WASHINGTON | The U.S. ambassador to the European Union distanced himself on Thursday from President Donald Trump, planning to tell House impeachment investigators that he was disappointed Trump directed him to work with his personal lawyer Rudy Giuliani on Ukraine policy and that he believes it’s wrong to invite a foreign government to conduct investigations for the purpose of influencing American elections.
Gordon Sondland is the latest in a series of witnesses to be interviewed behind closed doors by lawmakers. His appearance is especially anticipated since text messages and other witness testimony place him at the center of a foreign policy dialogue with Ukraine that officials feared circumvented normal channels and that is now at the center of the House impeachment inquiry of Trump.
Part of that effort involved pushing Ukraine to commit to politically charged investigations sought by Trump, including into a gas company connected to the son of Democratic rival Joe Biden.

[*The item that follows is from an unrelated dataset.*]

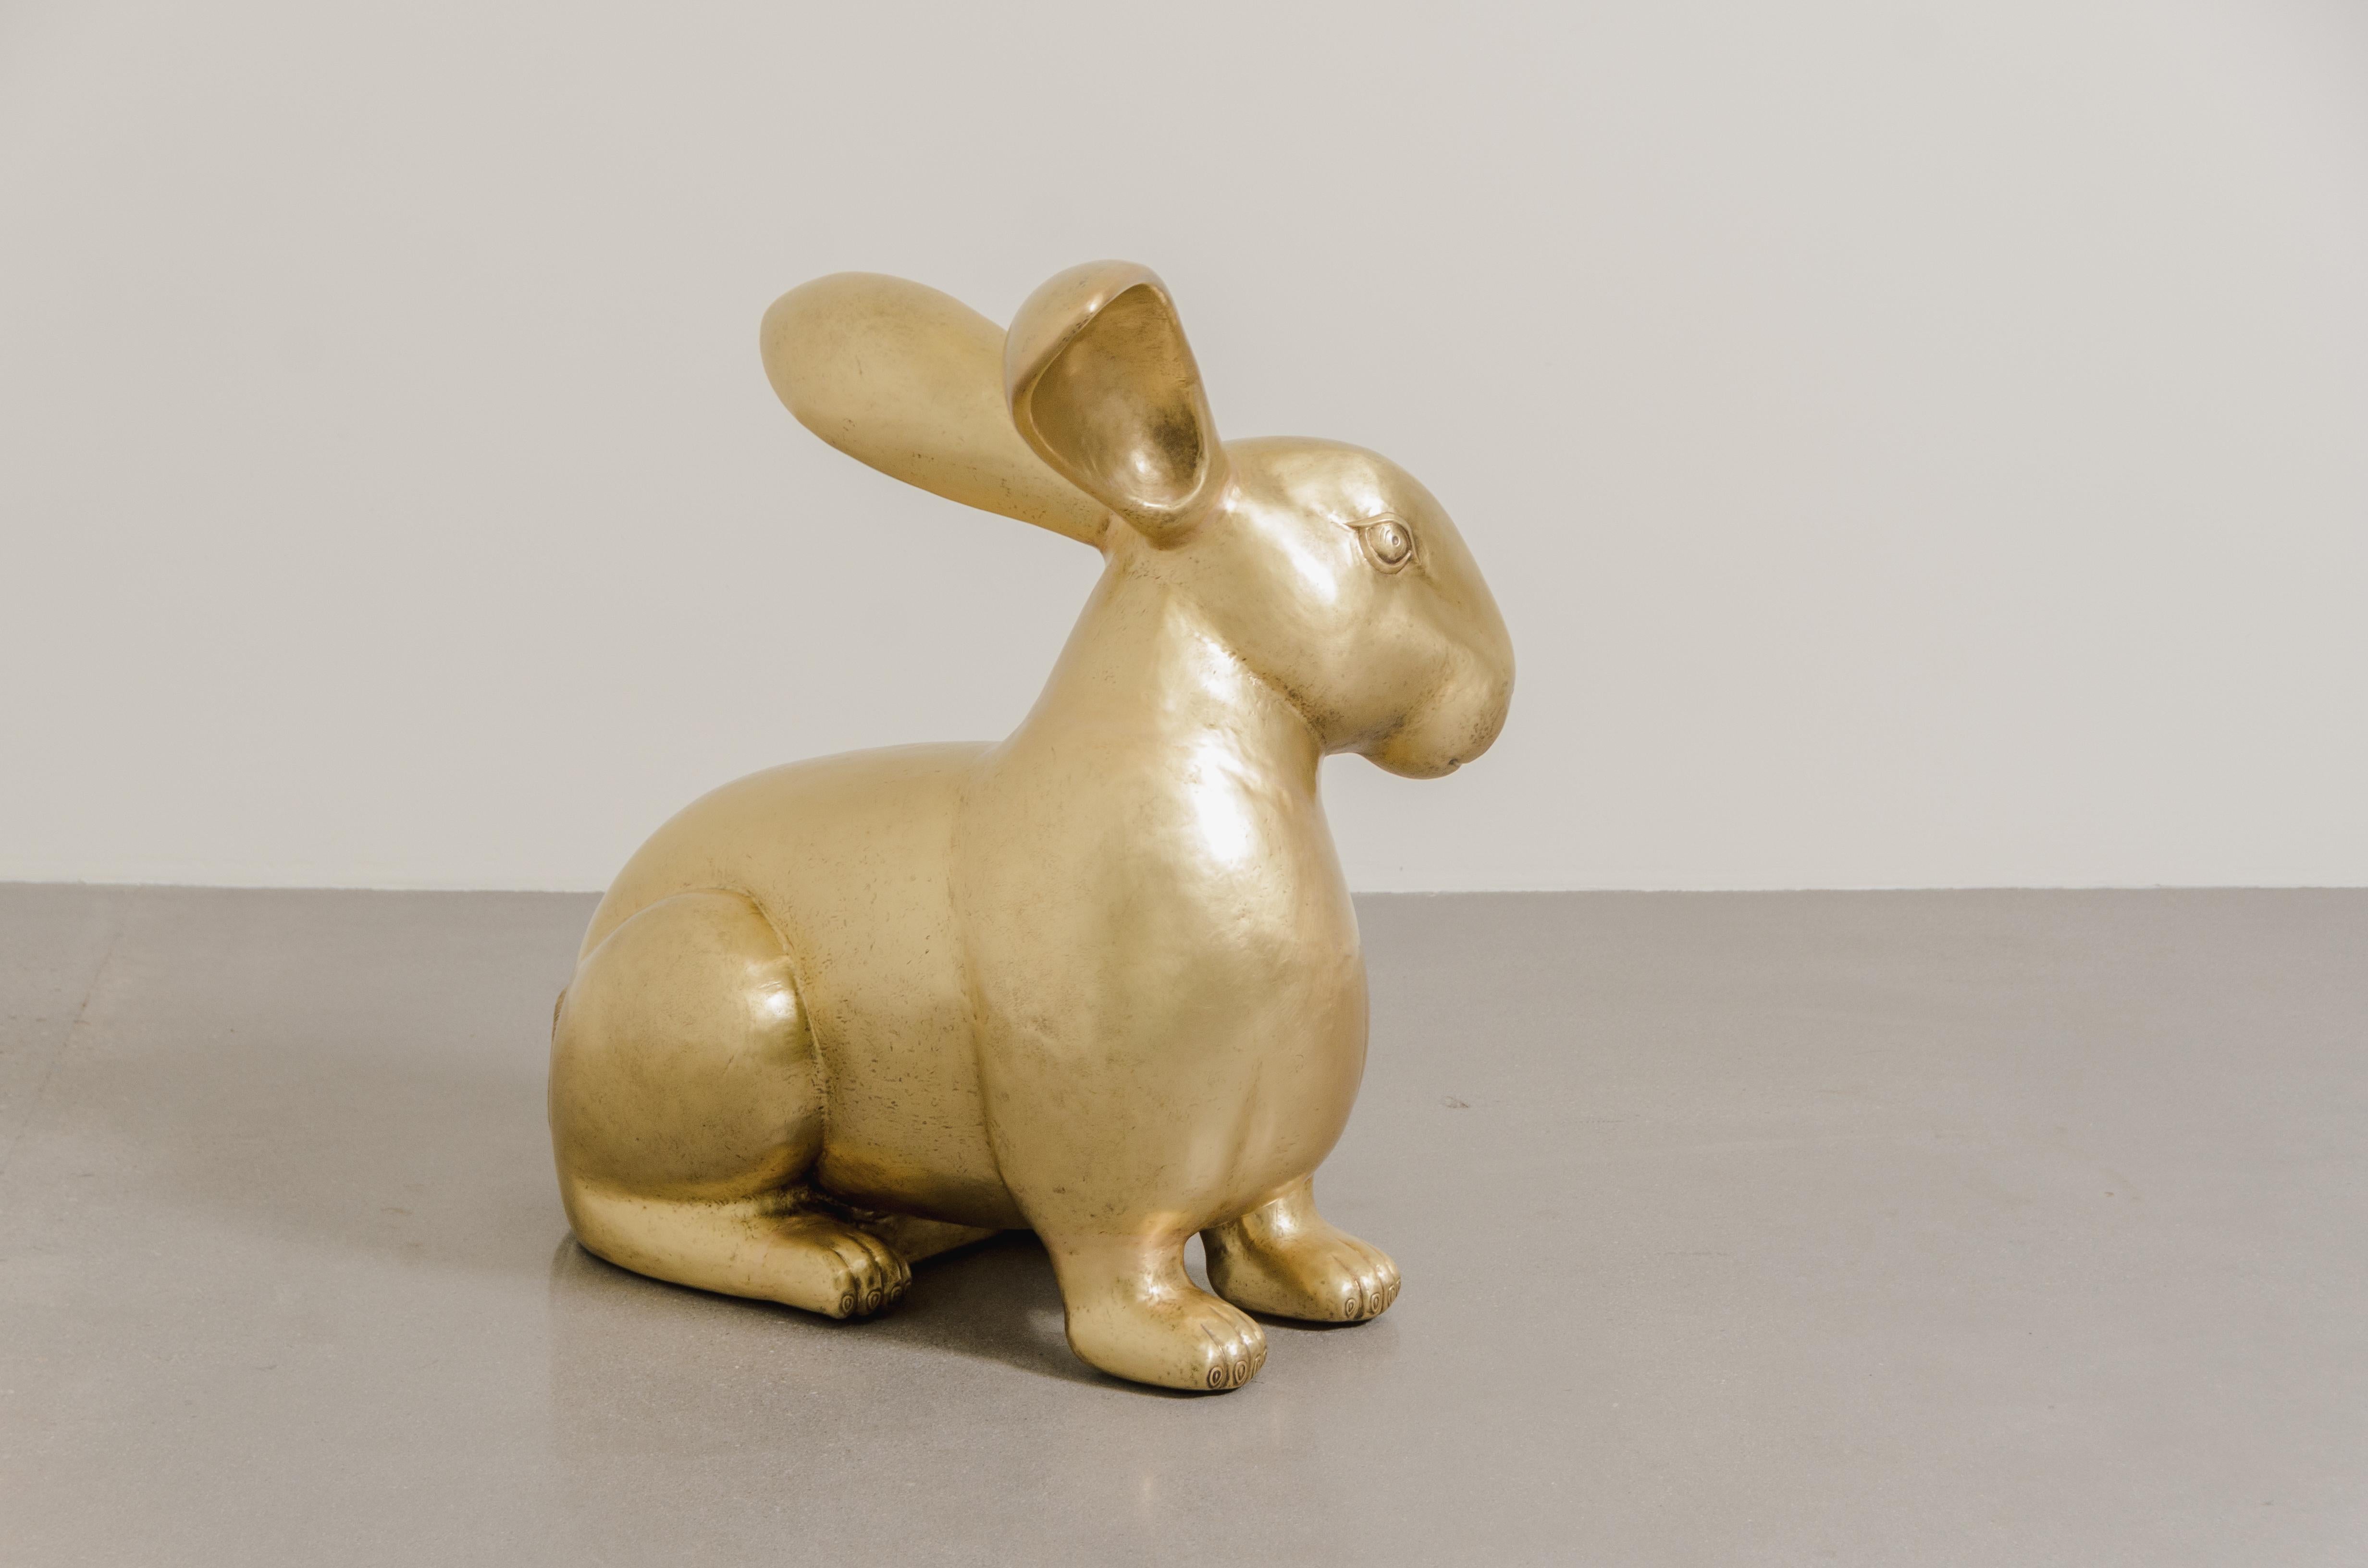 Contemporary Rabbit Sculpture in Brass by Robert Kuo, Hand Repoussé, Limited For Sale 4

In prepared remarks obtained by The Associated Press, Sondland aimed to untether himself from any effort by the Republican president or Giuliani to have a political rival investigated, joining other current and former administration officials who have communicated to Congress misgivings about the Trump administration’s backchannel dealings with Ukraine.
But Sondland’s pivotal role in the dialogue, including discussions about a quid pro quo in which Ukraine’s leader would get a coveted White House visit in exchange for satisfying Trump’s push for corruption-related investigations, may make those assertions tough for House Democrats to accept.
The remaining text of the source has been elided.